Given data -
□ □ □ □ □ □ □
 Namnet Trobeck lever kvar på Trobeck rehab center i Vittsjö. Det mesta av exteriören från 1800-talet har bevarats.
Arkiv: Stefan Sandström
□ □ □ □ □ □ □
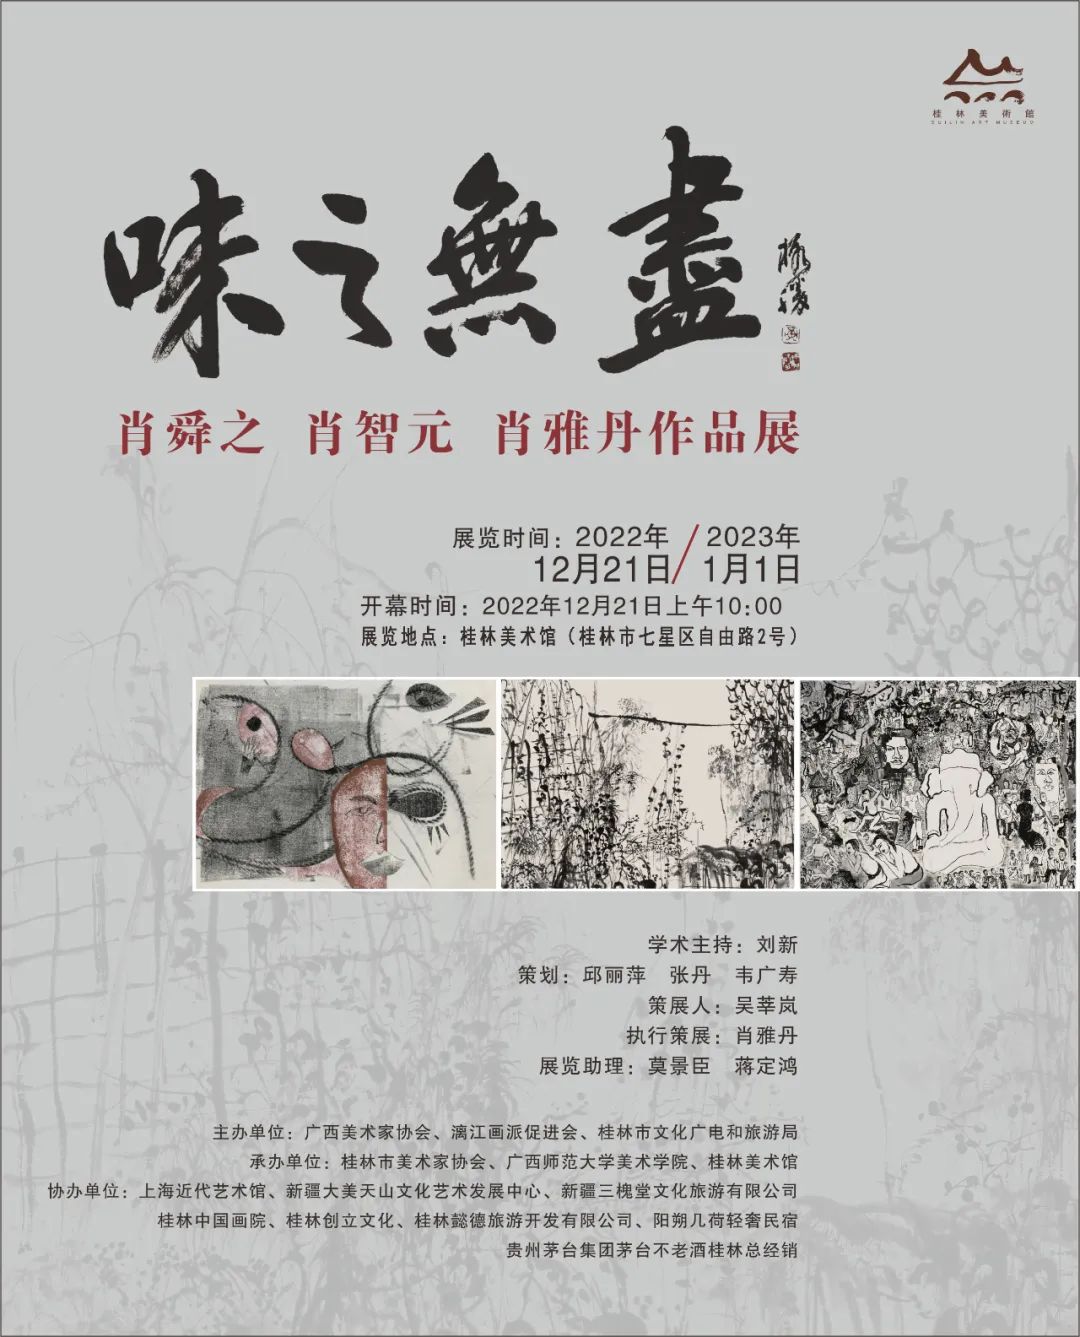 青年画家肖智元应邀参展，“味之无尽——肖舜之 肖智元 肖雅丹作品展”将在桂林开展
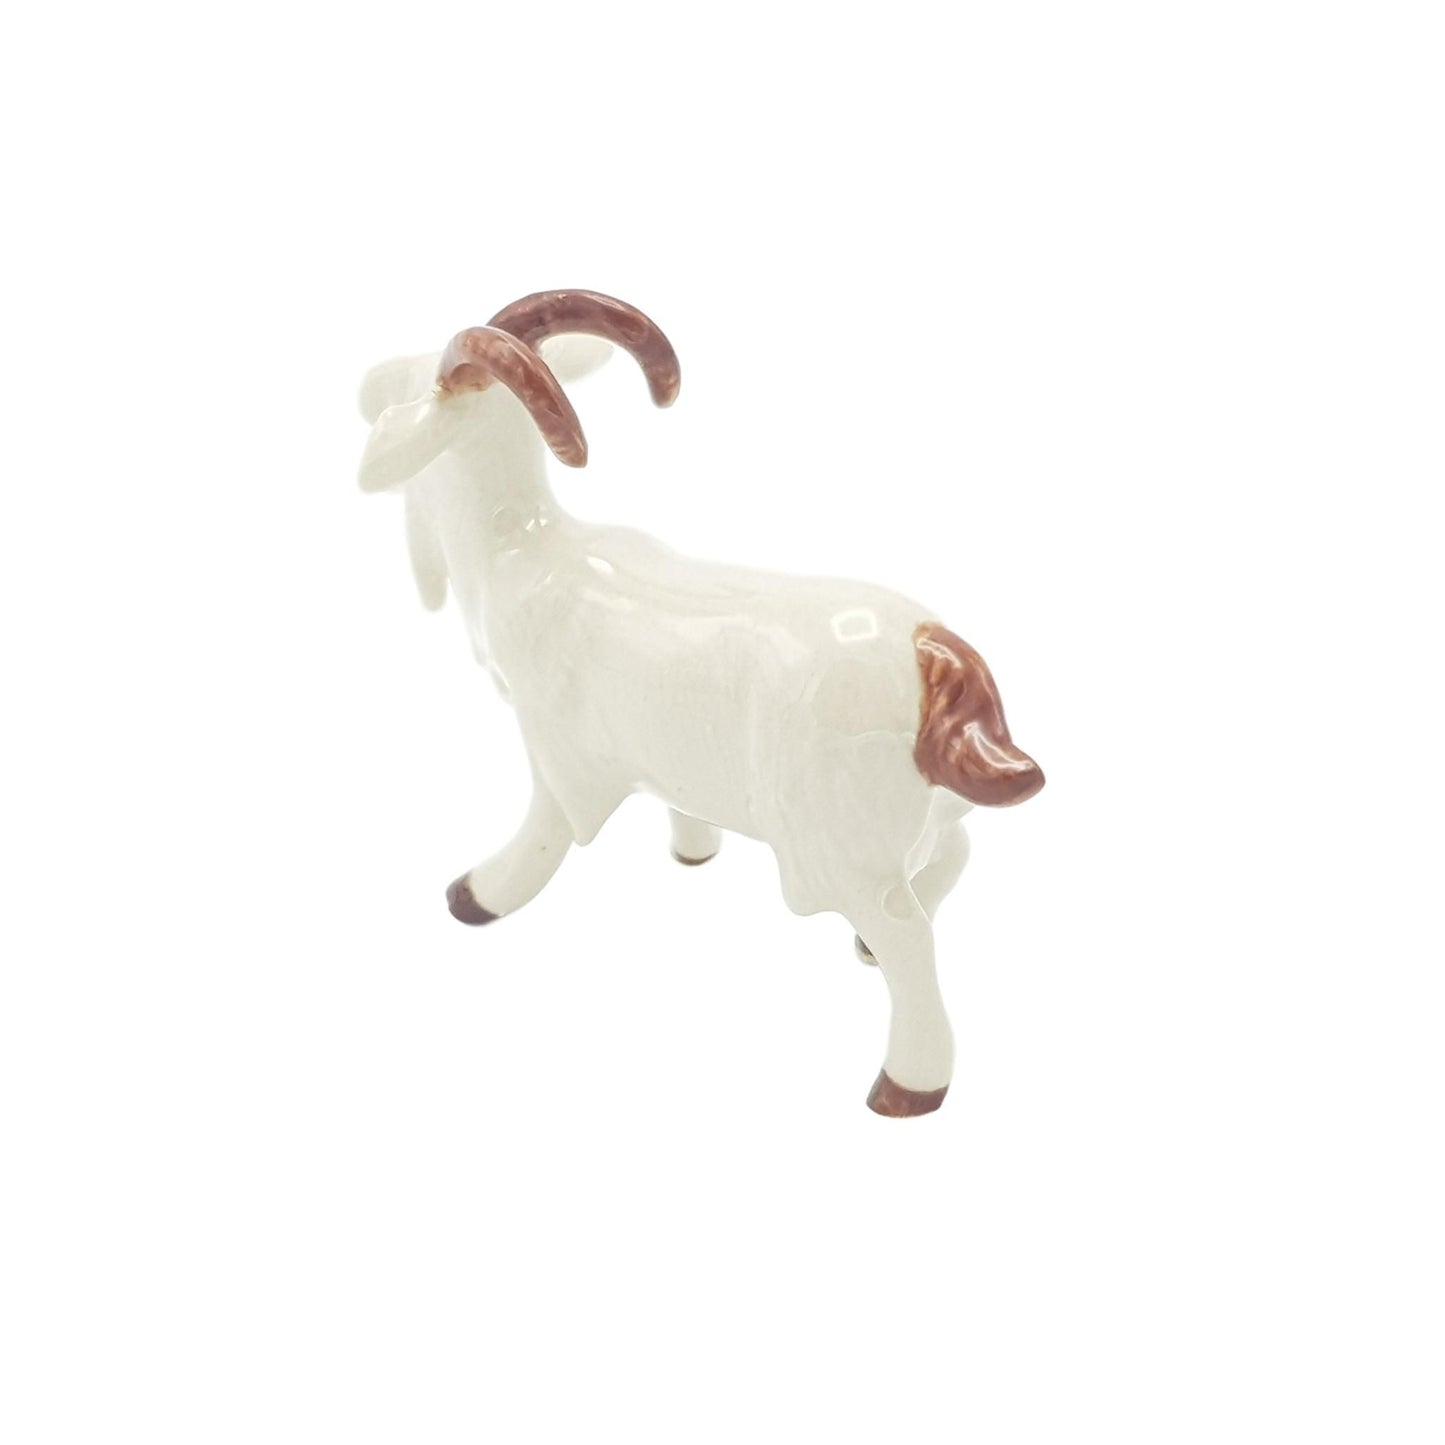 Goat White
□ □ □ □ □ □ □
Try it - Take the lines above from the one containing "Namnet Trobeck lever" down to the one containing "Arkiv: Stefan Sandström", and transcribe them exactly, both ends included.

The completed task -
 Namnet Trobeck lever kvar på Trobeck rehab center i Vittsjö. Det mesta av exteriören från 1800-talet har bevarats.
Arkiv: Stefan Sandström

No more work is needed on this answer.